Tales from practice | Fasten your seatbelts
By Richard Barr
The airline industry is obsessed with safety and training for obvious reasons, but maybe the legal profession should buckle up too, says Richard Barr
"You're going too fast. Speed up. Mind that pedestrian. Stay in the lane. Put your foot down. That light is about to turn red."
I still remember being taught to drive by my father. It was an extremely tense experience, and not one to encourage bonding between father and son. In a short space of time he also taught me a number of bad driving habits that had to be undone by many extra lessons from a driving instructor. That was more years ago than I care to remember.
Last year I was sitting in the front row of seats in a huge A319 Easyjet Airbus. We were at Belfast airport and the doors had just closed. I was nervous, even though I am not a nervous flyer normally. At the same time I had a strange sense of anticipation - a combination of apprehension and excitement.
The plane trundled to the end of the runway and then with a whoosh we shot along the concrete and soared into the air. We soon cleared the Belfast clouds and in bright sunlight cruised over the sea, then across England towards Stansted. At some stage the engines seemed to stop and we appeared to be floating in the air. I wanted to shout at the pilots "You are going too slowly. It will drop out of the air" but I could not. They were safely locked in on the flight deck.
Then the plane came down for a smooth landing and we soon pulled up at the stand.
When the engines were switched off the First Officer (who had flown the plane) came out to ask:
"Was that alright dad?"
It is one thing to be sitting beside your son in a car where you can pull on the parking brake or yank the steering wheel if you feel that he is not driving safely.
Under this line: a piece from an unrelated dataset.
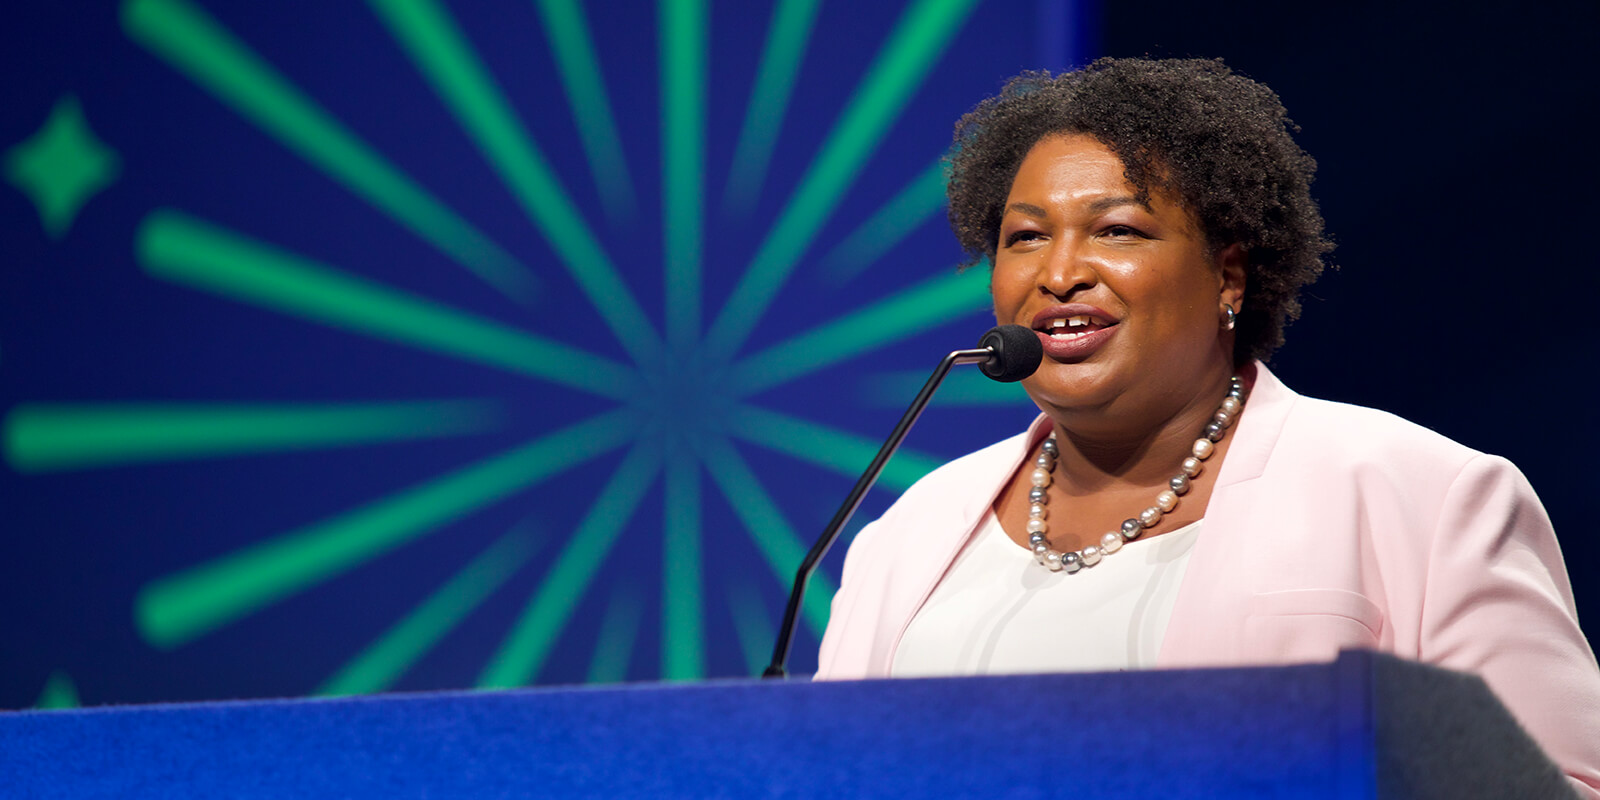 Stacey Abrams has an inspiring message for AFSCME Convention attendees

It is rather different if he happens to be flying a passenger jet in which you are one of the 140 or so passengers.
Triple checking
Nick my son had very sensibly decided to break with family tradition and to do something other than law. He had always been keen on flying, and had flown solo in a Cessna by the time he was 16. In his late twenties he decided to do it for real and he started on the two year voyage of becoming a commercial pilot - incidentally incurring a debt that makes most student loans seem like petty cash.
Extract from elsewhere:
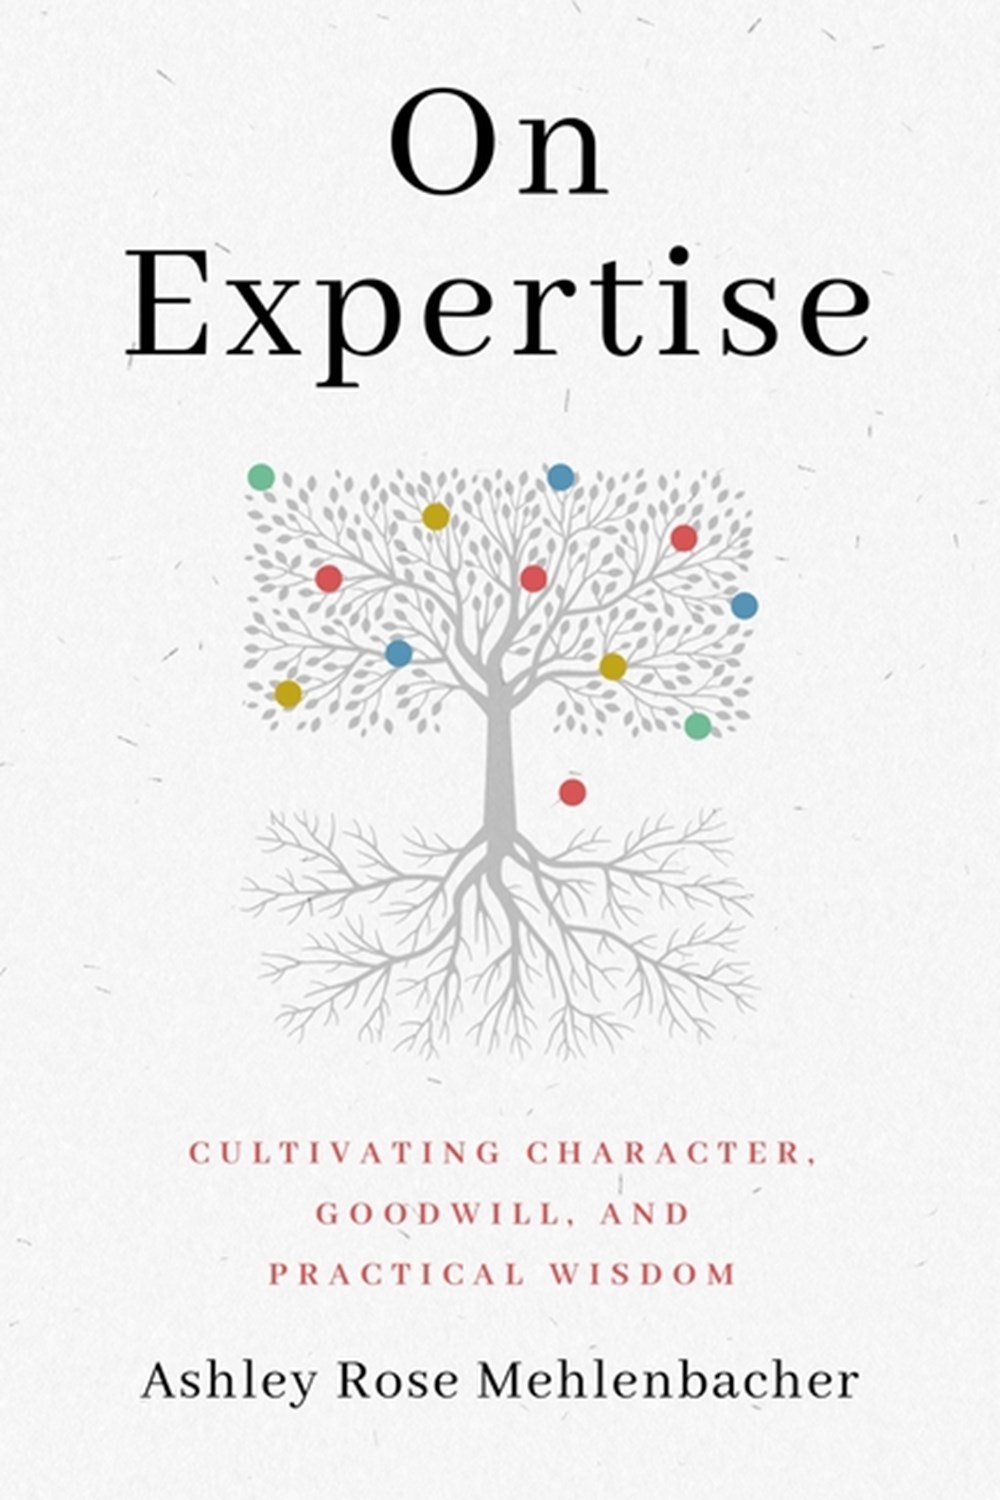 On Expertise Cultivating Character, Goodwill, and Practical Wisdom

Last year he joined Easyjet and now regularly flies to many European destinations. One of the things I was to learn from his experience is the obsession that airlines have with training and safety. Everything is done by checklist, and pilots regularly have to undergo simulator training where they are expected to cope with more crises in an afternoon than most pilots will encounter in a lifetime. But it works, and as a consequence the airline industry has an amazing safety record.
There is now a move to get doctors (particularly surgeons) to adopt the same techniques, so as to eliminate human error as far as possible.
If we make a cock-up we as solicitors do not put lives at risks, but we can cause a lot of misery, let alone a great deal of grief to ourselves. There should be a place in legal practice for adopting the same safety standards as the airline industry.
There used to be books of checklists for solicitors but they seem to have died out in the 1990s. With the huge pressures now on most parts of the profession, perhaps is it not the time to bring them back. Perhaps the Solicitors Regulation Authority could redeem itself by issuing them as positive guidance to the profession.
Too close for comfort
Pilots also have a procedure for anonymous reporting of their cock-ups. In that way near misses can help others to avoid the same mistakes. Would readers be interested in a Solicitors Journal cock-up corner?
Here is one of my own making: Some years ago I had to issue an application under the Landlord and Tenant Act for a new tenancy. I had peppered my diary with numerous reminders, tied a knot in my handkerchief and pinned a note to my shaving mirror. The only slight problem was that I had entered the reminders for the wrong month. I only discovered my error when there was a note from the court attached to the application stating that they had issued it but it was one day late. It is occasions like that when the world seems to stop and you hang in mid-air. Fortunately I was saved by the rule book: I found that you start counting your four month period after the day of service - which gave me an extra day and let me breathe again. But it was too close for comfort. The lesson I needed to learn was how to count.
Perhaps I needed my son beside me with a clip board to point out that four is neither five nor three.